Horses are unique in their extreme sensitivity to endotoxin-induced cardio-pulmonary shock and mortality. The mechanisms behind increased sensitivity of the horse to endotoxin remain unknown. Pulmonary intravascular macrophages (PIMs) are pro-inflammatory cells occurring in horses. Because the functions of equine PIMs in endotoxemia remain unknown, we studied the role played by equine PIMs in endotoxin-induced pulmonary pathophysiology. We achieved this by using a recently developed protocol to deplete PIMs in order to compare lipopolysaccharide (LPS)-induced pulmonary responses in horses with or without PIMs. Horses treated with gadolinium chloride (GC; 10 mg/kg intravenous) to deplete PIMs or endotoxin-free saline (n = 4) were injected with Escherichia coli LPS (E. coli LPS; 50 ng/kg intravenously) 48 h after GC or saline. Control horses (n = 5) received two injections of endotoxin-free saline at 48 h intervals. All the horses were euthanized 2 h after LPS or saline challenge. Immunohistology for the PIMs showed their reduced numbers in GC-treated horses. The LPS treatment of normal and GC-treated horses increased diastolic and systolic pulmonary arterial pressures at 30 min compared to the saline-treated horses (P < 0.05). However, horses pre-treated with GC did not have an LPS-induced increase in mean pulmonary arterial pressure compared to the LPS-treated horses (P < 0.05). Light and electron microscopic immunocytochemistry detected extensive labeling for LPS in PIMs of LPS-treated horses. Both the LPS-treated groups had more alveolar septal cells positive for TNF-alpha and IL-1beta compared to control horses, which did not receive LPS (P < 0.05). However, GC-treated horses challenged with the LPS showed less IL-1beta-positive cells (P < 0.05). Immuno-electron microscopy localized TNF-alpha and IL-1beta in PIMs. These new data show that PIMs endocytose LPS and contain TNF-alpha and IL-1beta and their depletion partially inhibits LPS-induced pulmonary inflammatory responses.

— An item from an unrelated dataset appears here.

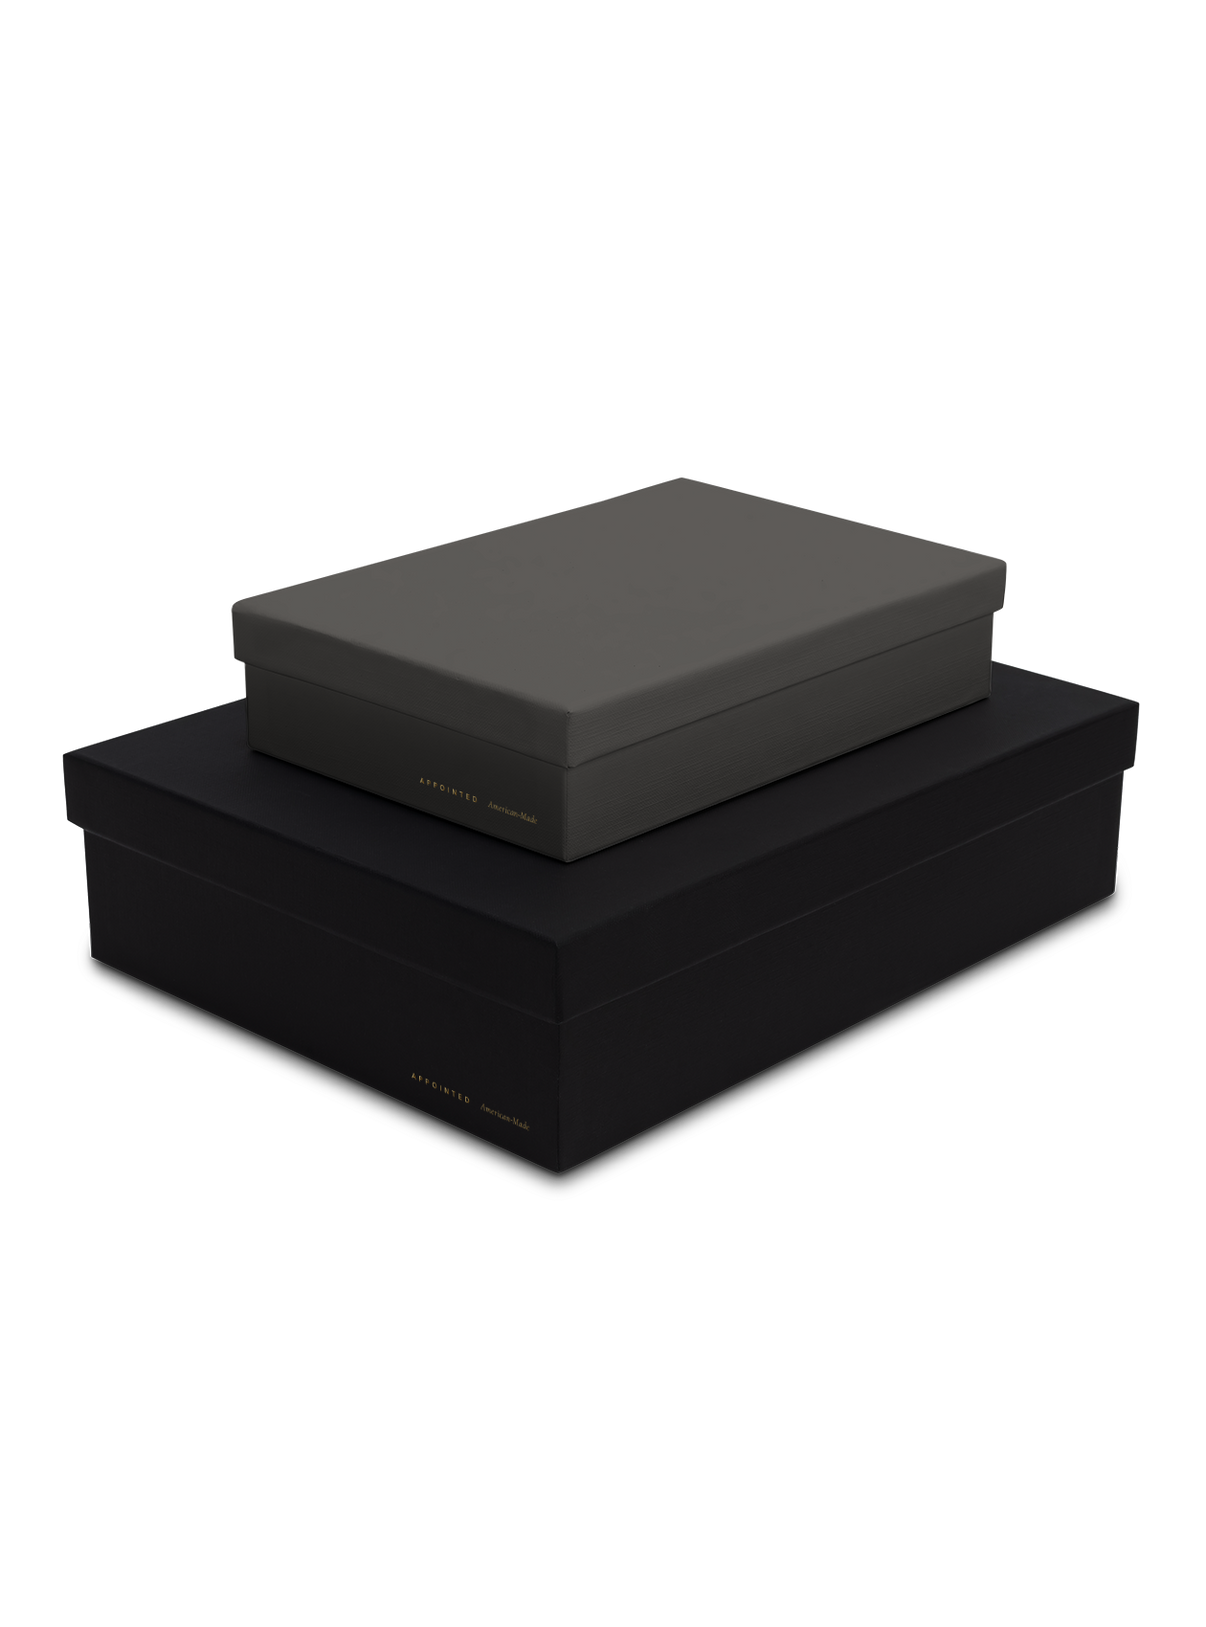 Diagonal view of smaller slate box stacked on top of a bigger charcoal box, both with gold foil details || Onyx and Slate

马对内毒素诱导的心肺休克和死亡率极度敏感,这一点十分独特。马对内毒素敏感性增加背后的机制尚不清楚。肺血管内巨噬细胞(PIMs)是马体内存在的促炎细胞。由于马的PIMs在内毒素血症中的功能尚不清楚,我们研究了马的PIMs在内毒素诱导的肺部病理生理学中所起的作用。我们通过使用最近开发的方案来消耗PIMs,以便比较有或没有PIMs的马在脂多糖(LPS)诱导下的肺部反应。用氯化钆(GC;10mg/kg静脉注射)处理以消耗PIMs的马或无内毒素生理盐水(n = 4)在GC或生理盐水处理48小时后静脉注射大肠杆菌LPS(大肠杆菌LPS;50ng/kg)。对照马(n = 5)每隔48小时接受两次无内毒素生理盐水注射。在LPS或生理盐水攻击2小时后,所有马均实施安乐死。对PIMs的免疫组织学检查显示,在接受GC处理的马中其数量减少。与接受生理盐水处理的马相比,正常马和接受GC处理的马在LPS处理后30分钟时舒张期和收缩期肺动脉压升高(P < 0.05)。然而,与接受LPS处理的马相比,预先用GC处理的马在LPS诱导下平均肺动脉压没有升高(P < 0.05)。光镜和电镜免疫细胞化学检测到在接受LPS处理的马的PIMs中有大量LPS标记。与未接受LPS的对照马相比,两个接受LPS处理的组中TNF-α和IL-1β阳性的肺泡隔细胞更多(P < 0.05)。然而,接受GC处理并用LPS攻击的马中IL-1β阳性细胞较少(P < 0.05)。免疫电子显微镜将TNF-α和IL-1β定位在PIMs中。这些新数据表明,PIMs内吞LPS并含有TNF-α和IL-1β,其消耗可部分抑制LPS诱导的肺部炎症反应。